Here, the particle is projected at a speed of $v = 20{\text{m/s}}$ horizontally.
Let ${v_h}$ be the initial horizontal component of the velocity and ${v_v}$ be its initial vertical component.
Then we have, ${v_v} = 0$ and ${v_h} = 20{\text{m/s}}$.
The velocity $v$ makes an angle $\theta$ with the horizontal and it is unknown.
Step 2: Find the angle of the velocity using the equation of motion and trigonometric relations.
During the flight, the vertical component changes due to the force of gravity.
The changed vertical component of the velocity can be obtained by the equation of motion.
The equation of motion gives the final velocity $v$ of an object moving with an acceleration $a$ at an instant $t$ as $v = {v_0} + at$ --------- (1), ${v_0}$ is the initial velocity of the object.
Let ${v_v}'$ be the final velocity in the vertical direction. Also here, acceleration of the particle is the acceleration due to gravity i.e., $a = g$.

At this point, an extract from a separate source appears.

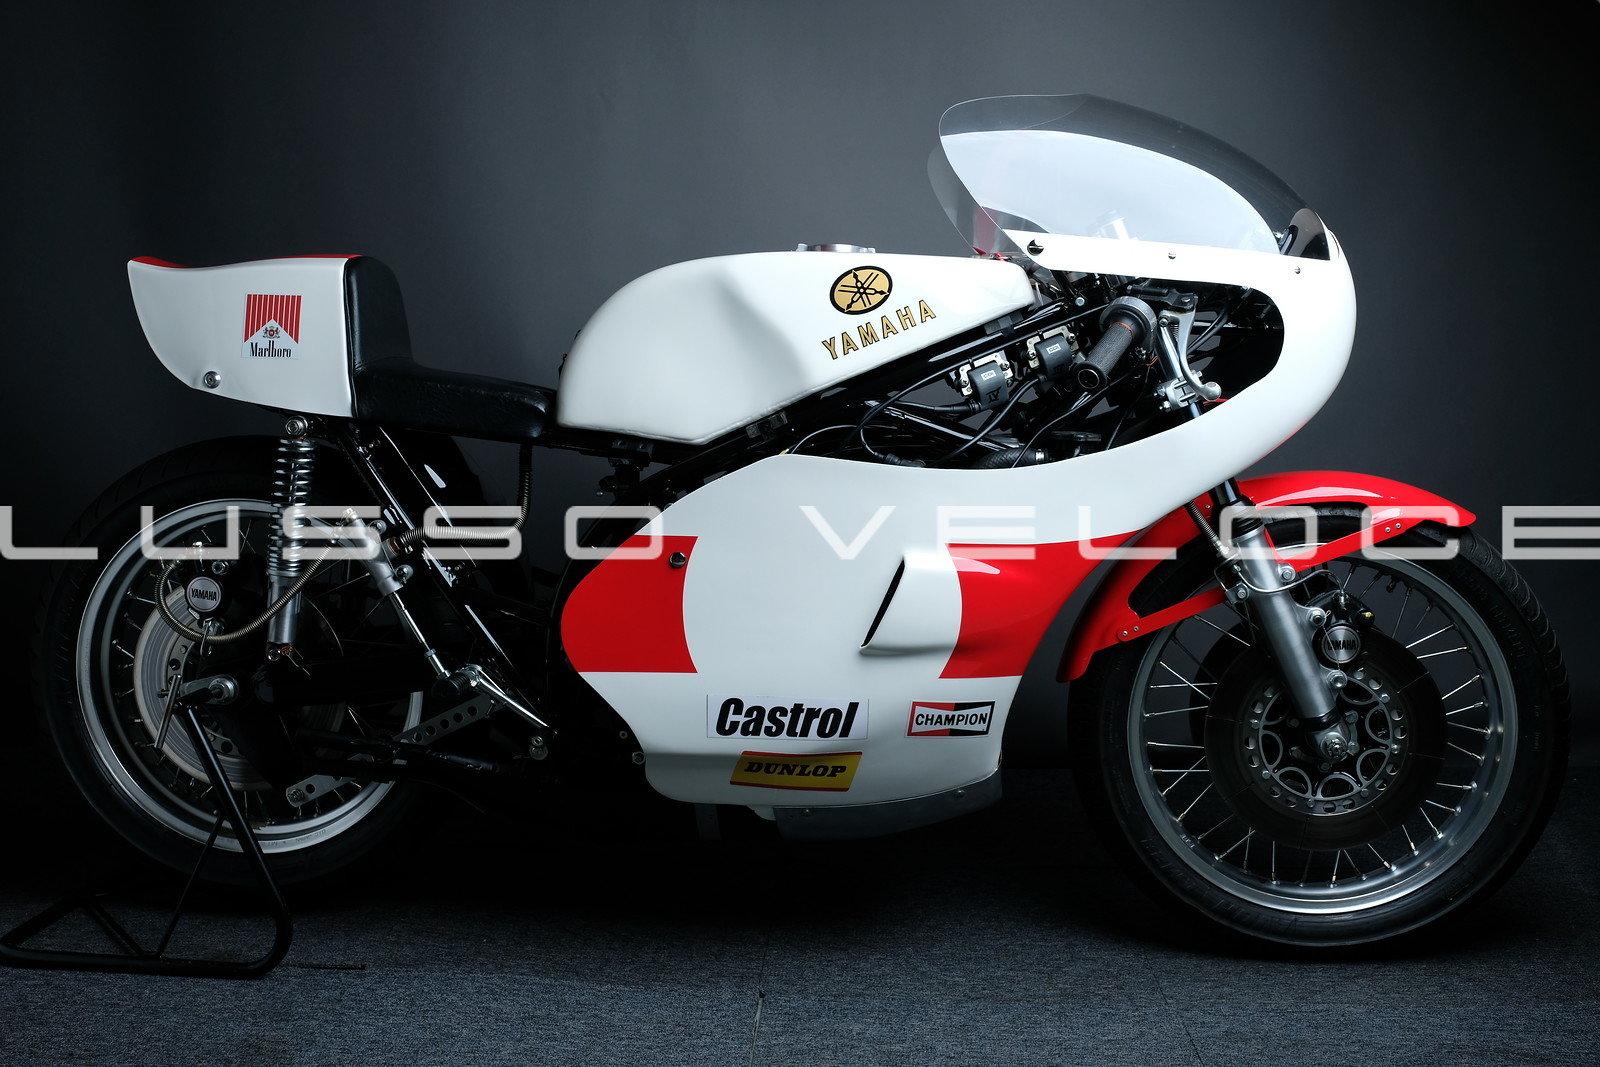 1975 Yamaha TZ 750 C GP Race bike For Sale (picture 1 of 6)

The equation (1) can be represented as ${v_v}' = {v_v} + gt$
Substituting the values for ${v_v} = 0{\text{m/s}}$ and $g = 10{\text{m/}}{{\text{s}}^2}$ in equation (1), we obtain the vertical component of the final velocity at $t = 2{\text{s}}$.
i.e., ${v_v}' = 0 + \left( {10 \times 2} \right) = 20{\text{m/s}}$
Thus we have, ${v_v}' = 20{\text{m/s}}$.
We know, $\tan \theta = \dfrac{{\sin \theta }}{{\cos \theta }}$
Now from the figure, we have $\sin \theta = \dfrac{{{v_v}'}}{v}$ and $\cos \theta = \dfrac{{{v_h}}}{v}$. Then $\tan \theta = \dfrac{{\sin \theta }}{{\cos \theta }} = \dfrac{{{v_v}'}}{{{v_h}}}$ ----- (2)
Substituting the values of ${v_v}' = 20{\text{m/s}}$ and ${v_h} = 20{\text{m/s}}$ in equation (2) we get, $\tan \theta = \dfrac{{20}}{{20}} = 1$
Then, $\theta = {\tan ^{ - 1}}1 = 45^\circ$

Therefore, the angle of velocity with the horizontal is $45^\circ$. Hence, option (B) is correct.

Note:
The vertical component of the initial velocity is zero because the particle is said to be projected horizontally. During the flight, the horizontal component remains the same as there is no acceleration acting on the particle along the horizontal but the vertical component of velocity changes as the particle has acceleration due to gravity.